Recently, Maria turned up her diary -- and, what follows, are only a few
selected excerpts from Chicago. At that time, we lived in Uptown, 5049
North Sheridan [only a block from the rather notorious and large Warbonnet
["Warbucket"] bar, Anglo-owned, and with a very large Native clientele. In
this sampling, I have placed Maria's writing in quotes and have added a few
parenthetical elaborations. -- H
From Maria [age 11]:
Friday, 2/9/73: "Today we are having a party. Stayed home from school.
Went to the concert." [Note by H: Floyd Red Crow Westerman [Sisseton Sioux
and a nationally known singer] sang outside in the Uptown setting to a very
large group of Native people. This was in the context of high factionalism
at our American Indian Center. The concert was preceded by a large dinner
for Floyd at our home and, following the concert, there was a large party at
our place.] "People drunk. Lots of people here, party lasted all night."
Saturday, 2/10/73: "Party last night lasted 'till six o'clock this
morning." [Note by H: I stayed sober, drove some folks home.]
Monday, 2/12/73: "Today stayed home. Susan [Note by H: Susan Mary Power,
Standing Rock Sioux, now a noted author] came over and stayed 'till 9 pm.
Worked on paper [Note by H: 'Native American Publication'] until 11 at
Wednesday, 2/14/73: "Daddy's birthday. They came to work on paper."
Thursday, 2/15/73: "Lots of people came and after that worked on paper."
Saturday, 2/17/73: "Went to the Indian Center and am going to spend the
night at Susan's house."
Sunday, 2/18/73: "Went to Downers Grove to visit Pat R. [Note by H: Pat is
an Oneida lady.] Spent night with Susan again and watched "Ten
Friday, 2/23/73: " Went to work with Daddy. Had a hamburger. Went with
Daddy to St. Thomas of Canterbury Church. Might go to school there." [Note
by H: Maria did wind up there. The school was totally crowded but Mike, the
priest and a good friend, succumbed to my entreaties to "take one more."
Maria's public school's fifth grade had had about 30 different consecutive
substitute teachers in as many days. Some boys locked two or three teachers
in a closet.]
Saturday, 2/24/73: "Went to a meeting with Daddy."
Sunday, 2/25/73: "Most of them stayed up until 6:30 morning. At least I
got some sleep."
Friday, 3/9/73: "Might go to that school. [St Thomas] People came over."
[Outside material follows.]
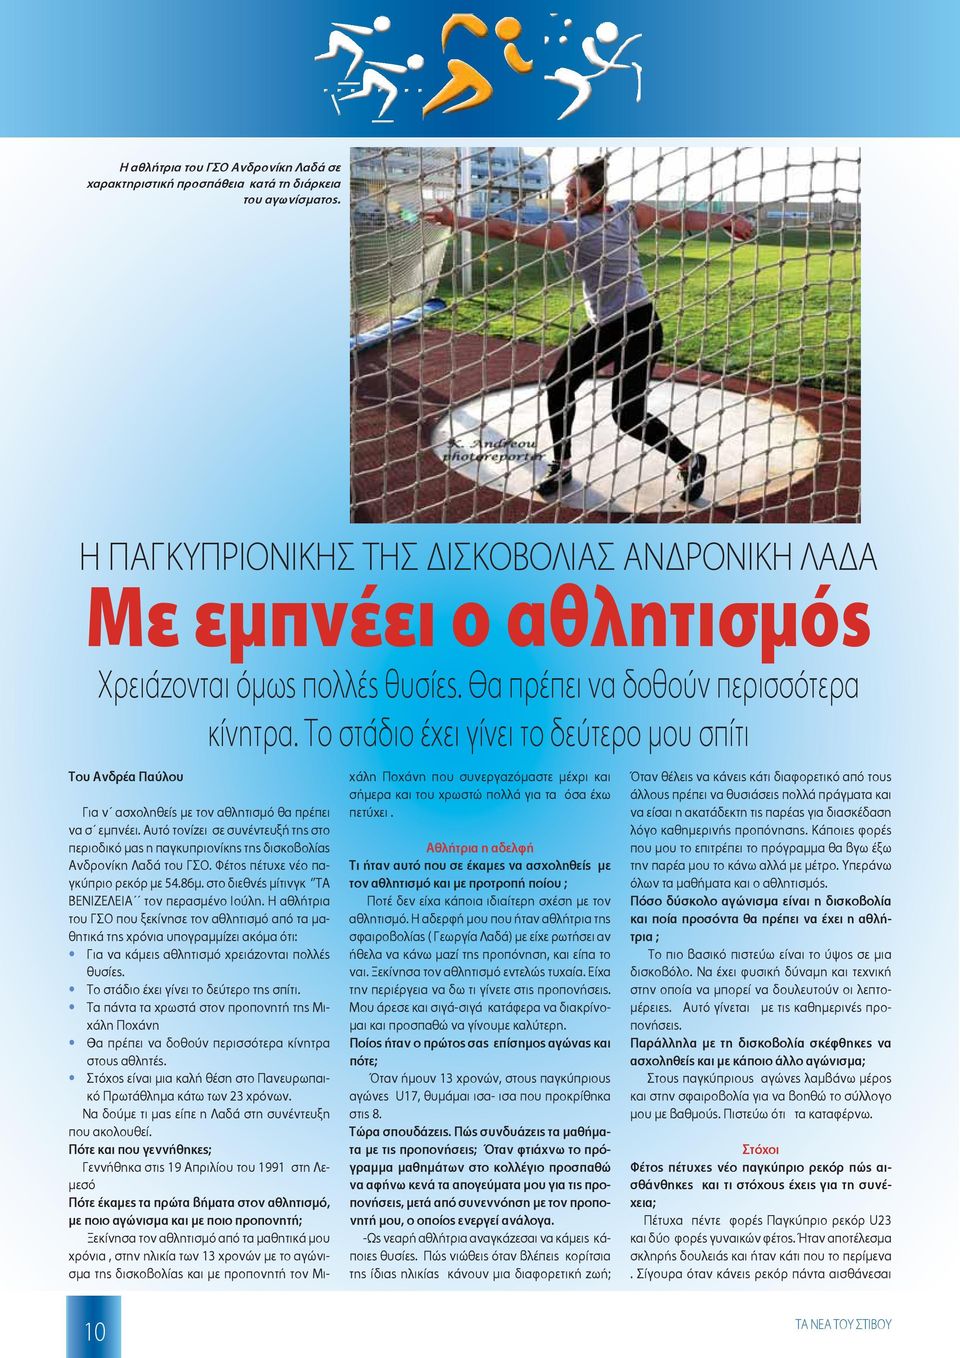 Αυτό τονίζει σε συνέντευξή της στο περιοδικό μας η παγκυπριονίκης της δισκοβολίας Ανδρονίκη Λαδά του ΓΣΟ. Φέτος πέτυχε νέο παγκύπριο ρεκόρ με 54.86μ.

Saturday, 3/10/73: "People came over today. Susan and other people first.
And Martin [Eder, Assiniboine] and them later. Going to wedding tomorrow."
Sunday, 3/11/73: "Went to Donis [Mitchell, a Mesquakie] and Martin's
wedding. It was very nice." [Note by H: All factions of the embattled
American Indian Center came together for this pleasant affair. My friend,
Bill Redcloud [White Earth Chippewa] gave Donis away; I was Martin's best
man.] "Susan came over [to our house] and Martin and Donis came over."
[Note by H: There was a party and, among other events, Macky [Peter], age
three, drank a little wine and became tipsy but held his glass, shocking the
pizza delivery man.]
Thursday, 3/15/73: "Martin came, John Fast Wolf [Pine Ridge Sioux], and
Eddy Delgado [Oneida]. They were Drunk."
Saturday, 3/17/73: "Today Daddy went to the voting at the Indian Center."
[Note by H: The internal factional situation had wound up in a Chicago
court and the weary judge ordered an election and mandated that all factions
agree on one and one only election judge. I was the judge, and the first to
cast a ballot.] "We'll have to stay really long."
Sunday, 3/18/73: "Daddy got back at 6:30 this morning. I am on TV. We
were at meeting with Daddy and there were cameramen all over." [Note by H:
This was later on Sunday and I was speaker at the Wounded Knee Rally.]
Monday, 3/19/73: "People came over for a meeting."
Tuesday, 3/20/73: "Another meeting tomorrow. Wounded Knee rally!"
Thursday, 3/22/73: " Yesterday I didn't write because I was at Susan's. We
were on TV at the rally."
Sunday, 3/25/73: "Meeting -- some dumb rich people." [Note by H: We were
working out successful funding arrangements for our Native American
Community Organizational Training Center. I became its chairman and Bill
Redcloud became director.]
[Comment by John Salter [Beba] who was then seven years old:
"My memory? Floyd Westerman walking in, slightly larger than life, with his
guitar case. A mountain of Budweiser cans. That's all." JS
Epilogue by H:
Susan's father, Carleton Power, who, with Susan's mother, Susan Kelly Power
were close friends of ours, died around this time -- very sad time. The
Winnebago Club had a three day mourning ceremony for Carleton which we all
attended. Maria graduated Phi Beta Kappa at University of North Dakota.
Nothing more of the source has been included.